WARNING: LIGHT SPOILERS AHEAD Learn more about Operating Systems.
Because no one knows how to hurt us like we know how to hurt us. I don’t want us to hurt each other, Bel.
I don’t want that, either.
I don’t want us to compete against each other.
No, I won’t.
You understand how hard it’s going to be? How vigilant you’ll need to be?
Do you understand how you’ll need to forgive me when I fuck up sometimes?
Because they’ll see it, all right? Those kids will see us doing that to each other and then they’ll start doing it to themselves.

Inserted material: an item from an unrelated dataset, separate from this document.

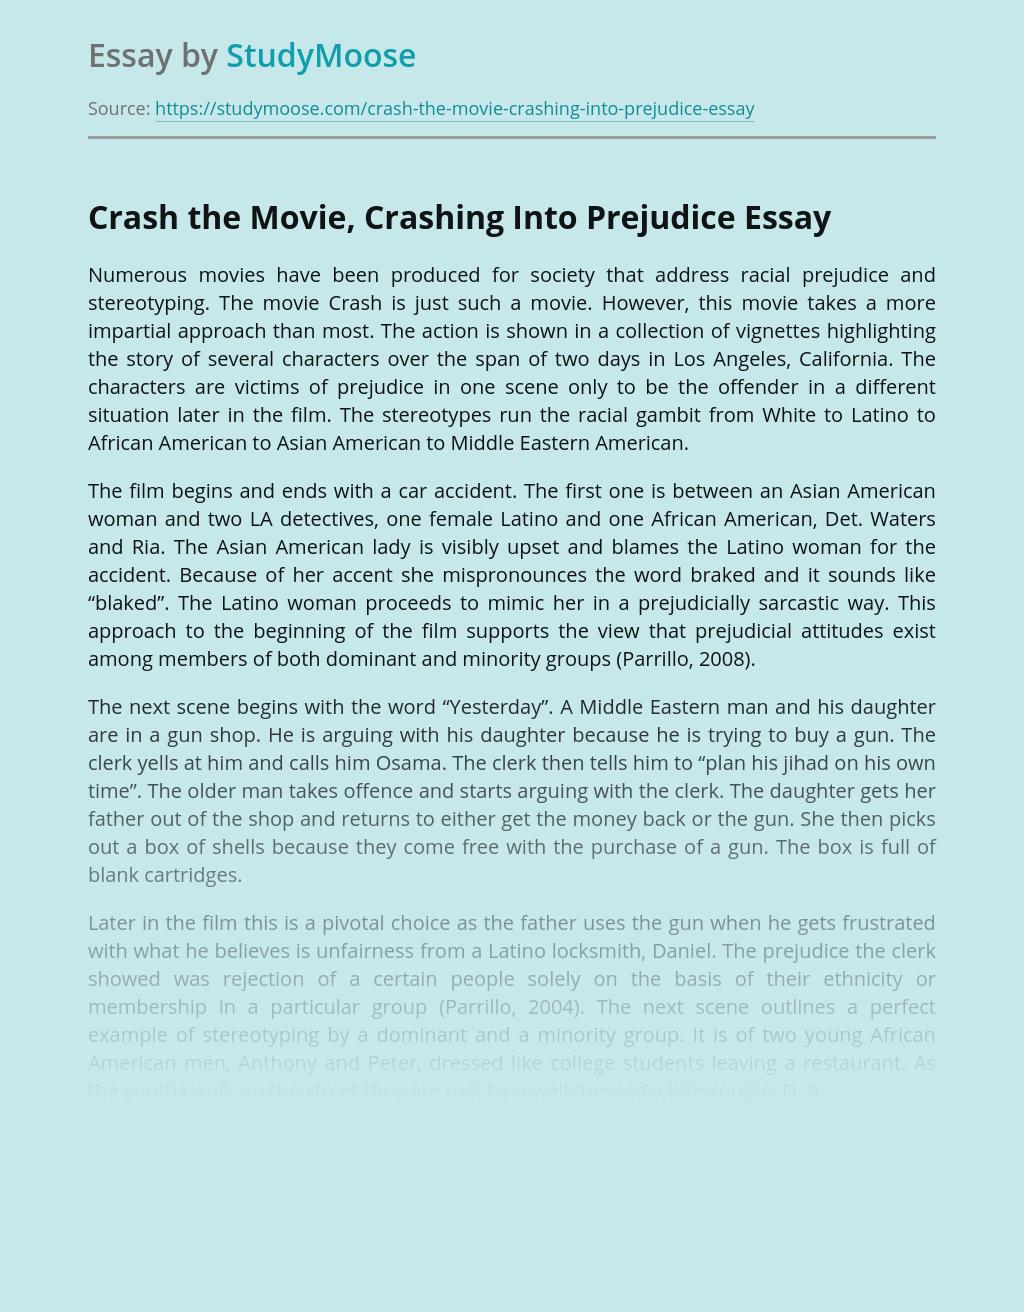 Crash the Movie, Crashing Into Prejudice
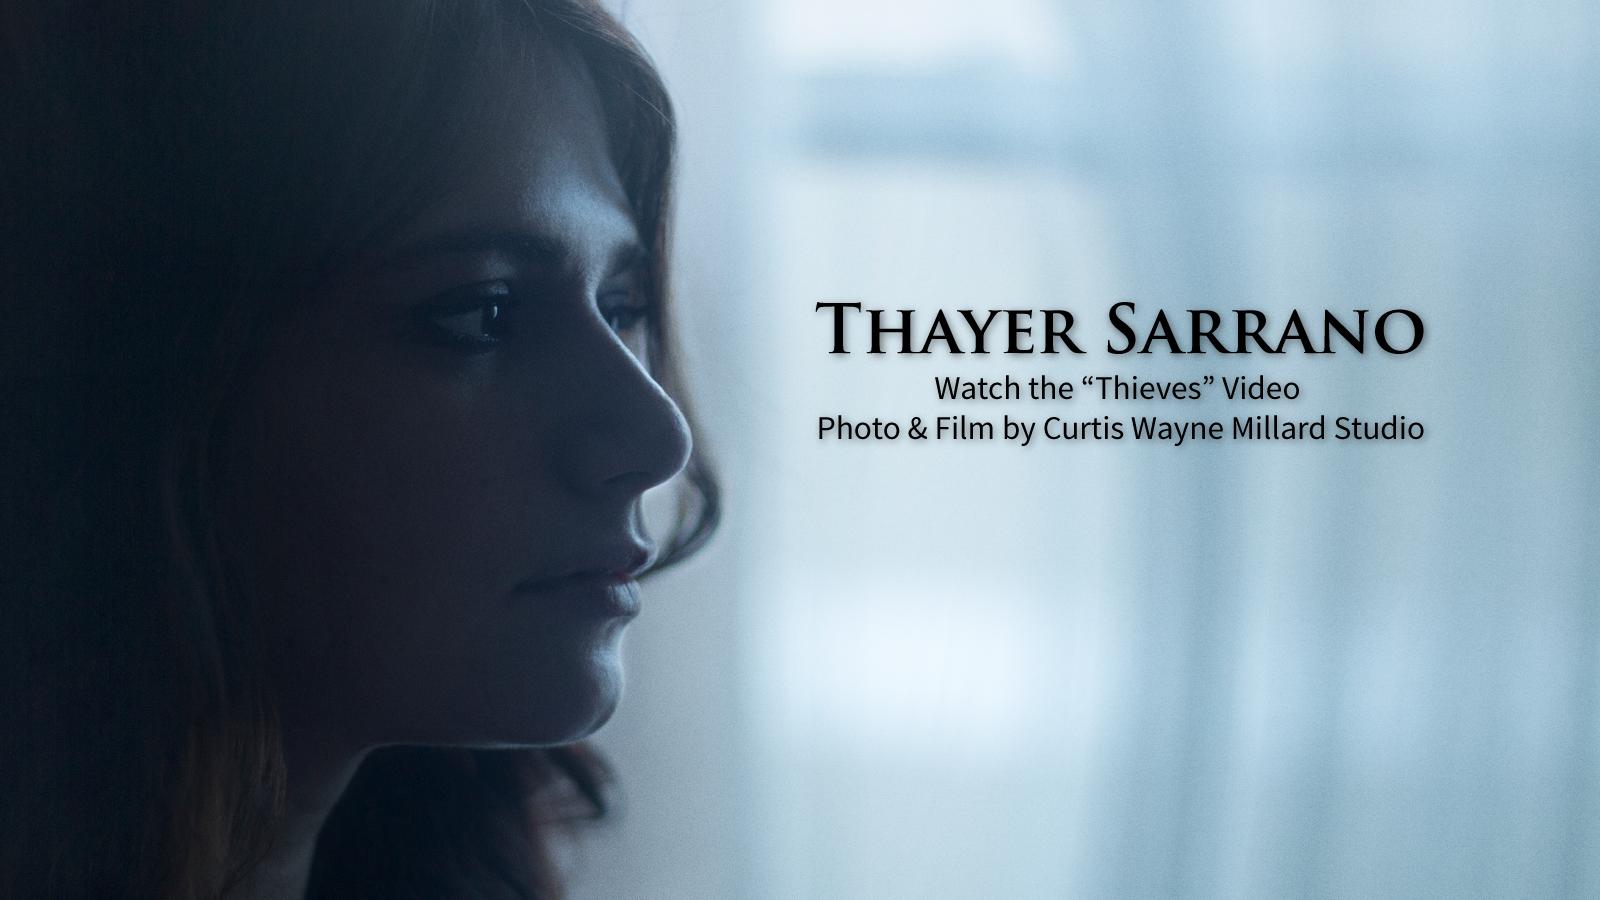 Thayer Sarrano. Thieves Video. Huffington Post. CWM Studio. Curtis Wayne Millard Studio.

This exchange comes early in the play before an act of sexual misconduct makes their relationship even harder to hold together. Benita’s complicated response to Bel’s allegations leads Bel to take covert action herself. When word gets back to Benita, she attempts to deal with the issue without confronting Bel. Then Stephen, the founder of their company and perpetrator of misconduct, uses his power in the field to find incriminating evidence of Bel’s past. He triumphantly presents it to Benita, expecting she will be thrilled to weaponize it against her former student. Their conflict culminates with this exchange:
Never mind, I’ll do it myself, it’s too hard for you, I get that. You’re a teacher, that’s what you do, you can’t hurt your student, even when she’s trying to ruin you.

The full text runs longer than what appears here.